When the world was ruled by M'Boy, the snake-god, the caigangues used to live by Iguaçu river. Igobi, the chieftain, had a daughter called Naipi, who was so beautiful that the waters of the river stopped each time she looked at her reflection in the water. Because of her beauty, Naipi was consecrated to god M'Boy, and she began to live within his cult. Meanwhile, a young warrior called Tarobá, saw Naipi and fell in love with her. On the day she was supposed to be sacrificed, Tarobá ran away with Naipi in a canoe. When M'Boy realized what had happened, he got angry and penetrated the land, making a huge cleft, and creating a giant waterfall. The waters enveloped the canoe and the runaway lovers. Naipi was transformed into a rock in the middle of the waterfall, where she is forever pummeled by the turbulent waters. Tarobá became a palm tree at the edge of the abyss, forever condemned to witness the fate of his lover. Beneath that palm tree, there is a cave, under the Devil's Throat, where the vengeful monster watches his victims forever.
Hello everyone! We are now officially on the last leg of our trip...taking a lovely vacation before our return to the United States. This past weekend we visited the state of Paraná, in the south of Brazil, to see the famous cataratas (waterfalls) in Foz do Iguaçu. Being some of the largest waterfalls in the world, it is said that Eleanor Roosevelt exclaimed upon seeing them, "Poor Niagara!"

Unfortunately, the area is in the midst of a severe drought and the falls are lower than they've been since the 1970s. This has caused a good deal of the smaller falls to temporarily dry up. The river has become so dry that you could actually walk across a good deal of it. We asked at our hostel about boat tours that take you to the bottom of the falls and were given this info: the average flow rate of the river is about 1200 cubic meters of water. In order for the boat to run, the rate must be at least 600 cubic meters. As of this weekend, the rate was just under 300 cubic meters of water. So sad! This means we will definitely have to plan another trip to the cataratas during the rainy season (December or January is when they are at their fullest).



These dry cliffs are usually huge falls!





The VERY dry river.

However, don't let this little setback fool you...the falls were still maravilhoso!
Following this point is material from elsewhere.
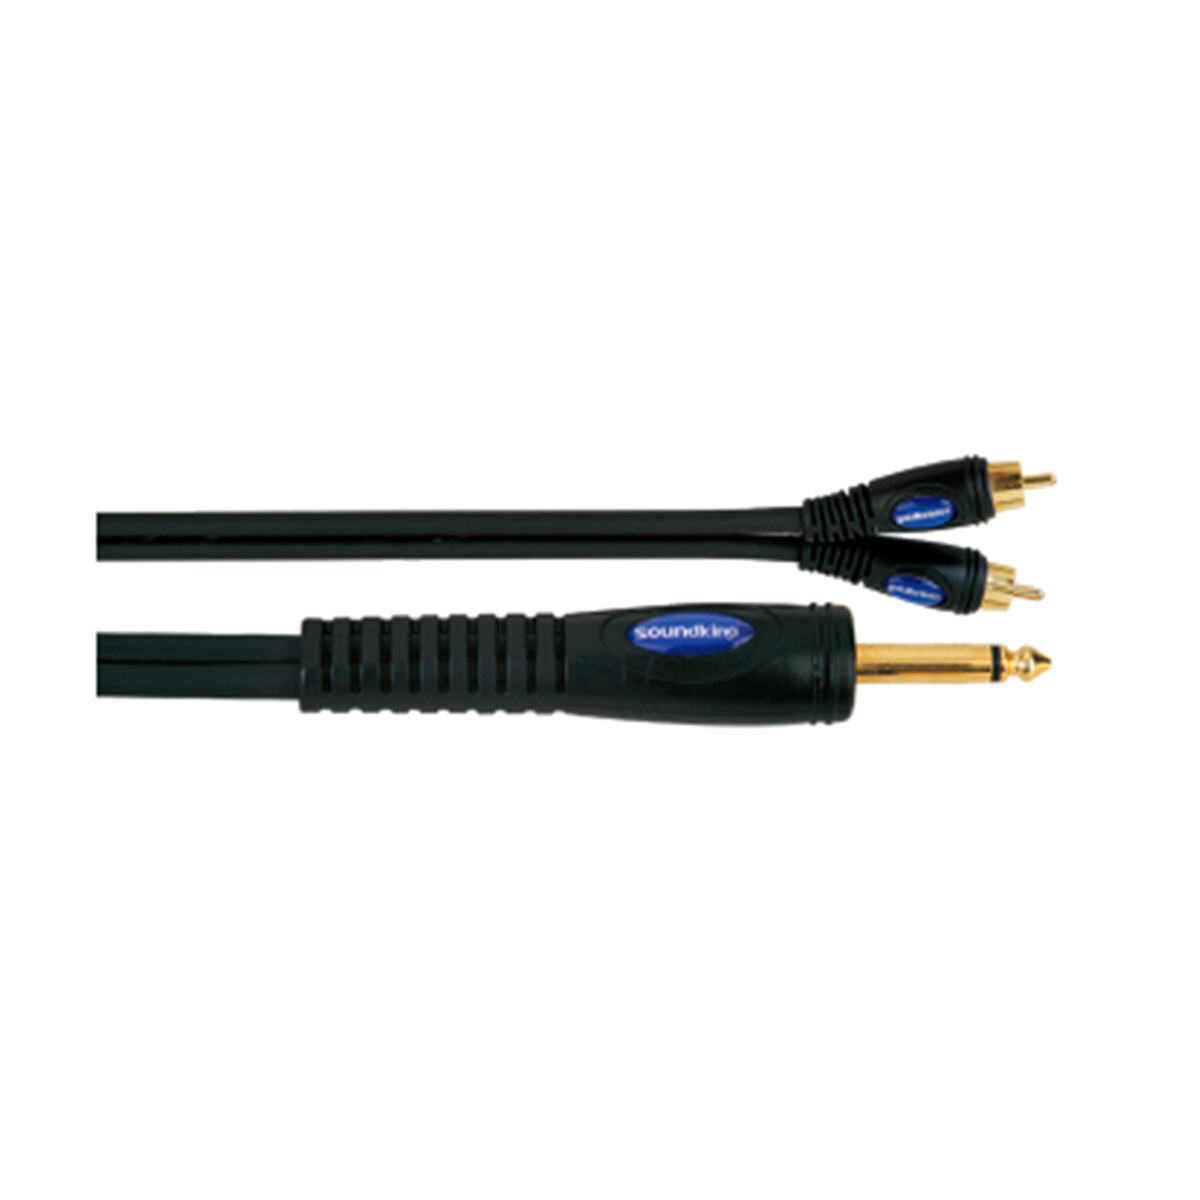 Cable Adaptador Soundking B11375m 1x6,3m+2xrca 5m

We arrived in Foz after our lovely 23 hour bus ride from Rio...yawn, and got right to it. On Saturday, we visited the
Brazilian side of the falls (they are shared by Brazil and Argentina, with the Iguaçu River being right on the border). The national park features a very nice walking trail around the falls, which ends at the biggest, the Garganta del Diablo (The Devil's Throat). This fall is still raging and extremely beautiful. After working up an apetite exploring the falls, the park has a restaurant area right on the river, from which you can see the tops of the falls.





No, these aren't postcards! Pretty gorgeous, huh?




On Sunday we did the Argentine side of the falls, which offers views from the top, looking down. Unfortunately, a lot of these views were from falls that are dry at the moment, and we ended up liking the Brazilian side better. However, the view from the top of the Devil's Throat was amazing. You couldn't even see the bottom, there was so much water!



Garganta del Diablo

We met several people from our hostel in Foz that were tons of fun to hang out with and Saturday night we all went on a little outing to a local churrascuria (Brazilian BBQ), which was a great time. I think it was slightly stressful to the waiter having a table of 10, being two Irish, one Brit, three Mexicans, two Kiwis (New Zealanders) and two Americans...and me being the only one amongst us that spoke Portuguese! The couple from New Zealand we've gotten to know particularly well, as they also traveled with us by bus here to Buenos Aires and we have dinner plans for tomorrow night. They have just finished a year long cycle tour of South America, in which they actually rode 6,363+ miles through South America, beginning on the Southermost tip of Argentina.



Fun in the hostel--Silas from New Zealand and Amelia from England.

Which brings us to Argentina. We arrived this morning, after another 20 hours on a bus through the Argentine countryside. So far the city is gorgeous and sooo cheap! More to come soon!